**What the task requires:** The lines from the start of the listing through the line containing "BERRY BERRY BABY" should be printed exactly, and no other lines should be printed.

**Source data:**
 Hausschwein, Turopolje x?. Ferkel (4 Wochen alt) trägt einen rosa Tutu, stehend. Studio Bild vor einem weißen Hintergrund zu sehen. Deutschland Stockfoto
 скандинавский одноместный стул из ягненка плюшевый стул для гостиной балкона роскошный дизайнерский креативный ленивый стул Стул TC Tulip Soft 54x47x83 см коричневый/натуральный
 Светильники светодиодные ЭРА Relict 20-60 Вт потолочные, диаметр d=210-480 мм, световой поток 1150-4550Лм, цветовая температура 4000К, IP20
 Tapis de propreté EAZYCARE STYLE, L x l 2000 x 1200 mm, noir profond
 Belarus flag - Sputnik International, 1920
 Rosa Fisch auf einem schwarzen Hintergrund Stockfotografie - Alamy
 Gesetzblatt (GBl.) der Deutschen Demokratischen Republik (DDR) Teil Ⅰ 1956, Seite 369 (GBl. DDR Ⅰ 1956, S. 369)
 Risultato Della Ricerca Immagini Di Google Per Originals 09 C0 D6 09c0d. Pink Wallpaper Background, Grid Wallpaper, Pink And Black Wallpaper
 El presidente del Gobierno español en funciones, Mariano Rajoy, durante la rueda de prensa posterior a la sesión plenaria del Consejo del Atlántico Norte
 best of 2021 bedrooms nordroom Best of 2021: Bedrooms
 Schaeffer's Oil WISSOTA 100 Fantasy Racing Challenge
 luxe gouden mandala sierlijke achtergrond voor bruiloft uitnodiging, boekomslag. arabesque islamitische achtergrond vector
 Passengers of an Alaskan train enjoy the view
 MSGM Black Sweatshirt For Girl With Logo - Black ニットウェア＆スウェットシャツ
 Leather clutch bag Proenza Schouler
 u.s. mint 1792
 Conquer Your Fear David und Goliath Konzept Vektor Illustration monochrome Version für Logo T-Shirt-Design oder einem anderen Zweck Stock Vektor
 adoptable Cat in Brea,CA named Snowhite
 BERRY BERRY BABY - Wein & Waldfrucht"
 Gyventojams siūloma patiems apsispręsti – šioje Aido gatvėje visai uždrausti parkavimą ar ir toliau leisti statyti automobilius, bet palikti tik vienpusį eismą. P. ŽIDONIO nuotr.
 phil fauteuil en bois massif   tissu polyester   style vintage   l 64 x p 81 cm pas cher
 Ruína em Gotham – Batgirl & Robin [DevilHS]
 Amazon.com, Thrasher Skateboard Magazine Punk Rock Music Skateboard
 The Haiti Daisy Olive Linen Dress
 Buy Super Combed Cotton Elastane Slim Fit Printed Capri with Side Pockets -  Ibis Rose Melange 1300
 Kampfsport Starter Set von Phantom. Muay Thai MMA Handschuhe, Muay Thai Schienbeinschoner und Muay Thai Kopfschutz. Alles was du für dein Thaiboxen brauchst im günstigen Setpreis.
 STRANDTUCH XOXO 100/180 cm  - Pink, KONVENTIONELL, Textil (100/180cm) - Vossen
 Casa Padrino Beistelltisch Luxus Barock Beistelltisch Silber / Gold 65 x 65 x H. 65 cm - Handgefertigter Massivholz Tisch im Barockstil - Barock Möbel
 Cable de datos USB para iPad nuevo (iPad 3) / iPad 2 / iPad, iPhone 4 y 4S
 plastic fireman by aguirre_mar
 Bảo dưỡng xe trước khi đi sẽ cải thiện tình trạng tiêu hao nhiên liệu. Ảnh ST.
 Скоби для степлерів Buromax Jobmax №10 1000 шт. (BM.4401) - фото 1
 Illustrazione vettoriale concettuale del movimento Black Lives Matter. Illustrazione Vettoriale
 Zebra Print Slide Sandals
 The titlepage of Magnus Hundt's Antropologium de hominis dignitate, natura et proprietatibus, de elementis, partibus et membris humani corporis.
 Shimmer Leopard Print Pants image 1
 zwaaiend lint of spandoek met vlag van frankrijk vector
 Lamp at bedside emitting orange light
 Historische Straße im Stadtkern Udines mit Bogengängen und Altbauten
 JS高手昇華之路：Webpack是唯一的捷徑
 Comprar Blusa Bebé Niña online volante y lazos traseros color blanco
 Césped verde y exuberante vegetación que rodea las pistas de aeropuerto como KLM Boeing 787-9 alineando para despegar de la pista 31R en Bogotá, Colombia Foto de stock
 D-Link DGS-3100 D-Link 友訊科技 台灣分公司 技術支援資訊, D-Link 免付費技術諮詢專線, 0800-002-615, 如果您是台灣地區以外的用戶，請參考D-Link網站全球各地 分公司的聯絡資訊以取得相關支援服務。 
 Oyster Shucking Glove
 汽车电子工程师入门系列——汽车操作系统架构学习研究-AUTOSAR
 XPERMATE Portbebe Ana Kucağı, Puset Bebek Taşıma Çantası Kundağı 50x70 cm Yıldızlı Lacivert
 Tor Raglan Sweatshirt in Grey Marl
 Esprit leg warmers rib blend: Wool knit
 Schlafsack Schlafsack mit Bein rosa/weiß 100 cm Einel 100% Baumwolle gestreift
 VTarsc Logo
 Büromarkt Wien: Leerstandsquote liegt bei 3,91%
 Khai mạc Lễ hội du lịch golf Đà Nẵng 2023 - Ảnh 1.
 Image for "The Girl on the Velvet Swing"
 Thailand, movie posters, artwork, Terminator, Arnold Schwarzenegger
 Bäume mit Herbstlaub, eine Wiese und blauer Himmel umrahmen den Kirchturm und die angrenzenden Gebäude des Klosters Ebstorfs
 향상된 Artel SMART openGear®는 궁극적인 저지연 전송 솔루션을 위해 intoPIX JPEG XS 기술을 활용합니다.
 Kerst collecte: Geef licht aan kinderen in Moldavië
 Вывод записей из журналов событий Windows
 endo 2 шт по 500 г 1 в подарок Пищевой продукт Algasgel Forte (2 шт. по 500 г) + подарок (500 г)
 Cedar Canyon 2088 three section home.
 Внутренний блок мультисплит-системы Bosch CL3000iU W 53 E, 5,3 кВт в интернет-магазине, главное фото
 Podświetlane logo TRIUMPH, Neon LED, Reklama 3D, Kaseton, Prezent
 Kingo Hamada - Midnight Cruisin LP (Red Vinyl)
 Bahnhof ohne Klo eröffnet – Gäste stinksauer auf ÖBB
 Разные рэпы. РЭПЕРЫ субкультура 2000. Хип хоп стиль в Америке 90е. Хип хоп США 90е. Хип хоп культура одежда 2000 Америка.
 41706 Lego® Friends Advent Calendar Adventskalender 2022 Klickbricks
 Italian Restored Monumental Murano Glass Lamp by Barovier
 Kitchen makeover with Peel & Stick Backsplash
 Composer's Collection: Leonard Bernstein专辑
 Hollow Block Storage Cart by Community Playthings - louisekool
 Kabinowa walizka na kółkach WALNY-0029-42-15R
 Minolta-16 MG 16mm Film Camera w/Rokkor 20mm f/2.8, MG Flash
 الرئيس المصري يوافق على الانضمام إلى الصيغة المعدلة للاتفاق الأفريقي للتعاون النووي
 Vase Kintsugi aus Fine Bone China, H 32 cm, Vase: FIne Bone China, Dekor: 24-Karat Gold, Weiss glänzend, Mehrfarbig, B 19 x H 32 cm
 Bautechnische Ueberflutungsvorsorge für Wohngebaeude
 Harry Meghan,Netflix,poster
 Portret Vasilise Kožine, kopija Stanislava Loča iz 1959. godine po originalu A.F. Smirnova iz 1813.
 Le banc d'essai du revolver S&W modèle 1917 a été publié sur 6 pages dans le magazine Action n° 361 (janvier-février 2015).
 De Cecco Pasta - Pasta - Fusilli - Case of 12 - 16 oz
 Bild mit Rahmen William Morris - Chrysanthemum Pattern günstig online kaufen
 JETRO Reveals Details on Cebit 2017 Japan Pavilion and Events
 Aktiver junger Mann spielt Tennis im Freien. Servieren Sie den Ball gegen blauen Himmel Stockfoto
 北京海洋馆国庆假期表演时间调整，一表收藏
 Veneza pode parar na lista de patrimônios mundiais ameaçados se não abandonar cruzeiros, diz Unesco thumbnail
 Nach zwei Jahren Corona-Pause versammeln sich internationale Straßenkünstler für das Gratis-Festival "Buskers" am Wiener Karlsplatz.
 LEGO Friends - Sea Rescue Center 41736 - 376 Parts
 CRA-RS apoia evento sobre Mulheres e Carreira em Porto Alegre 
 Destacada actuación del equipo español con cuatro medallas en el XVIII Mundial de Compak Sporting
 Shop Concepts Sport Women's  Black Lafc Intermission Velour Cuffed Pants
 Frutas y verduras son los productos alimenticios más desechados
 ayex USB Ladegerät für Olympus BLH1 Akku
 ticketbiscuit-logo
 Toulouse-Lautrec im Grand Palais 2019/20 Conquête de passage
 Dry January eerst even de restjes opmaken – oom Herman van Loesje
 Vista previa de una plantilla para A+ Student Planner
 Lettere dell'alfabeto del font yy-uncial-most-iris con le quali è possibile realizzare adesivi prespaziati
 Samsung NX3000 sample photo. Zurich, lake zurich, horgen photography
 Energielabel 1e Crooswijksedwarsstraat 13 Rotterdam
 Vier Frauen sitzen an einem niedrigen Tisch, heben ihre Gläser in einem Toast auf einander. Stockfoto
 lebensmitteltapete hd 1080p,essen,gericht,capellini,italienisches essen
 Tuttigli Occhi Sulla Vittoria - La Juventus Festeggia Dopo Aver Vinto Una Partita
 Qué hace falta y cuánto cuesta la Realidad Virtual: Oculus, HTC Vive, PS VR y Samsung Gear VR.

**Exercise answer:**
 Hausschwein, Turopolje x?. Ferkel (4 Wochen alt) trägt einen rosa Tutu, stehend. Studio Bild vor einem weißen Hintergrund zu sehen. Deutschland Stockfoto
 скандинавский одноместный стул из ягненка плюшевый стул для гостиной балкона роскошный дизайнерский креативный ленивый стул Стул TC Tulip Soft 54x47x83 см коричневый/натуральный
 Светильники светодиодные ЭРА Relict 20-60 Вт потолочные, диаметр d=210-480 мм, световой поток 1150-4550Лм, цветовая температура 4000К, IP20
 Tapis de propreté EAZYCARE STYLE, L x l 2000 x 1200 mm, noir profond
 Belarus flag - Sputnik International, 1920
 Rosa Fisch auf einem schwarzen Hintergrund Stockfotografie - Alamy
 Gesetzblatt (GBl.) der Deutschen Demokratischen Republik (DDR) Teil Ⅰ 1956, Seite 369 (GBl. DDR Ⅰ 1956, S. 369)
 Risultato Della Ricerca Immagini Di Google Per Originals 09 C0 D6 09c0d. Pink Wallpaper Background, Grid Wallpaper, Pink And Black Wallpaper
 El presidente del Gobierno español en funciones, Mariano Rajoy, durante la rueda de prensa posterior a la sesión plenaria del Consejo del Atlántico Norte
 best of 2021 bedrooms nordroom Best of 2021: Bedrooms
 Schaeffer's Oil WISSOTA 100 Fantasy Racing Challenge
 luxe gouden mandala sierlijke achtergrond voor bruiloft uitnodiging, boekomslag. arabesque islamitische achtergrond vector
 Passengers of an Alaskan train enjoy the view
 MSGM Black Sweatshirt For Girl With Logo - Black ニットウェア＆スウェットシャツ
 Leather clutch bag Proenza Schouler
 u.s. mint 1792
 Conquer Your Fear David und Goliath Konzept Vektor Illustration monochrome Version für Logo T-Shirt-Design oder einem anderen Zweck Stock Vektor
 adoptable Cat in Brea,CA named Snowhite
 BERRY BERRY BABY - Wein & Waldfrucht"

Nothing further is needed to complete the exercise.